Vassar heard one of them coming toward the crest of the hill that was red with heroic blood. It came through the air with the uncanny roar of an express train. The sound rose until the heavens quivered with the howl of a cyclone.

And then came the crash squarely in the center of our trenches! An explosion followed that rocked the earth and sent a great billowing cloud of smoke and dust high over the treetops into the skies. Fragments of the débris were hurled half a mile in every direction. No living thing was left to tell the story within a hundred yards of the spot. A breach had been made in the trenches through which a regiment might have charged as over an open field. For eighteen hours this terrific hail of huge projectiles continued without pause. The dull thunder was incessant and its vibration shook the world in tremors as from an earthquake.

With grim persistence our men still clung to what was left of their trenches until the night of the second day.

Hood sullenly ordered the retreat to his last line of entrenchments resting on Babylon. The discovery of the movement lead to a fierce rear guard action with the pursuing cavalry of the enemy. Their great field searchlights now swept the heavens and flooded every open space with deadly glare.

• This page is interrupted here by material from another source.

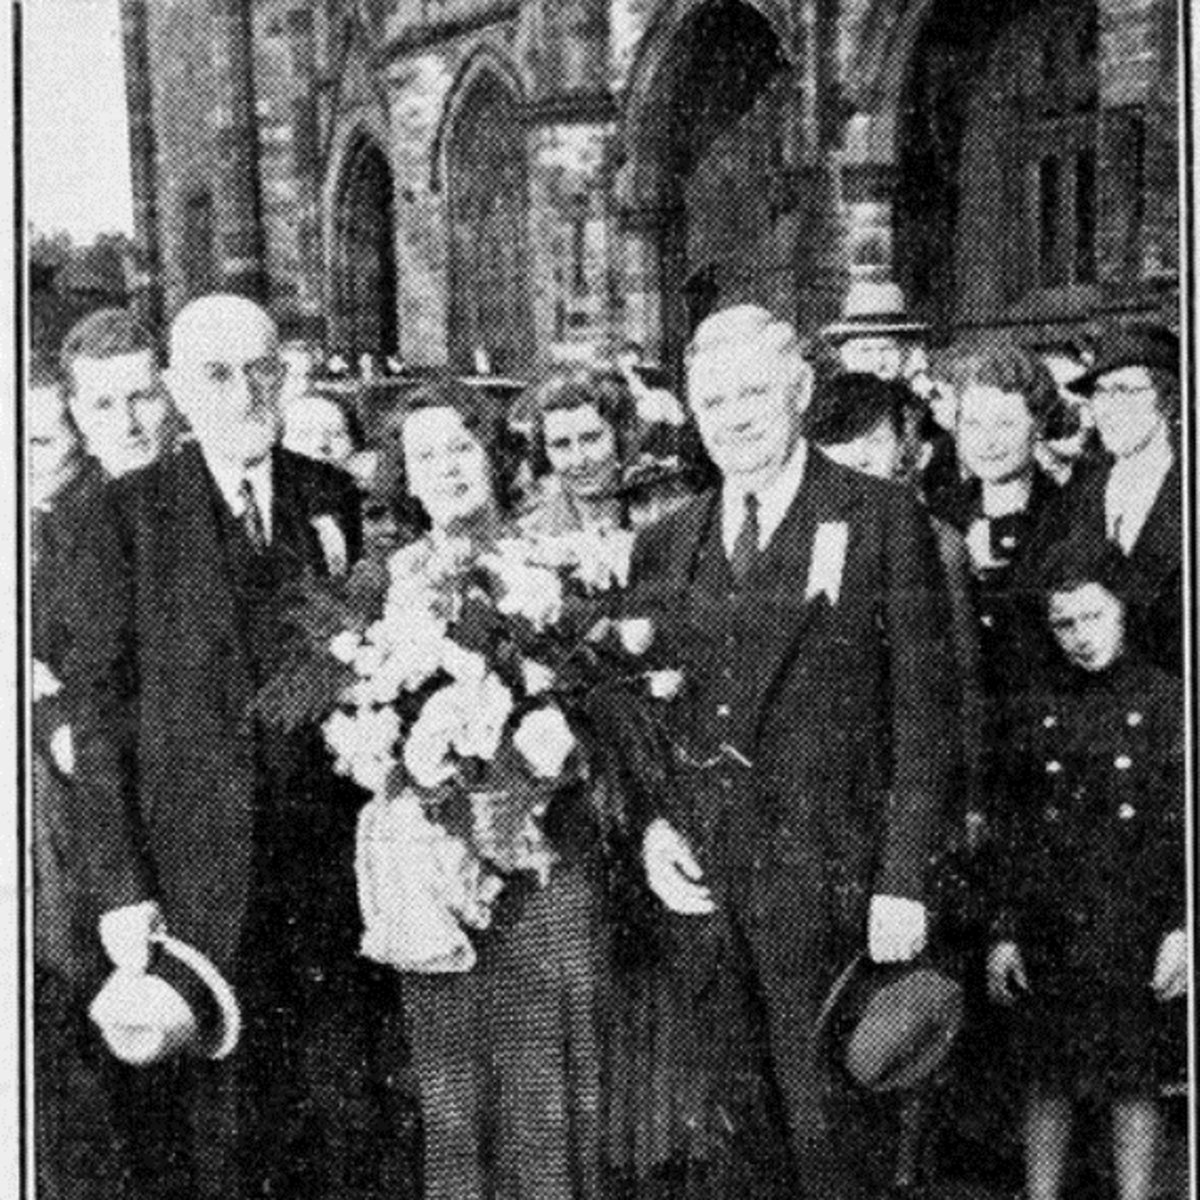 President Heber J. Grant, Catherine Horner, and J. Reuben Clark, July 1937

The attacking cavalry fell into ambush carefully prepared and were annihilated. They didn’t repeat the attack. But our guns had no sooner limbered up and withdrawn from their position when a squadron of the new steel cavalry, guided by the searchlights, charged at full speed seventy miles an hour down the turnpike straight into our retreating infantry. An armored automobile, spitting a storm of lead from its machine guns, plunged headlong into a regiment of volunteers, worn and half-starved and ready to fall for the lack of sleep. The huge wheels rolled over prostrate men like a great juggernaut, hurling others into the fields and dashing them among the limbs of trees.

The monster stopped at last choked by the mangled bodies caught in its machinery. A hundred desperate men swarmed over its sides and in a fierce hand to hand fight captured the car and killed its crew.

Again and again through the night of this terrible retreat these tactics were repeated. Not one of the six machines that charged our lines ever returned to tell the story. Not one that charged failed to pile the dead in heaps along the white shining turnpike.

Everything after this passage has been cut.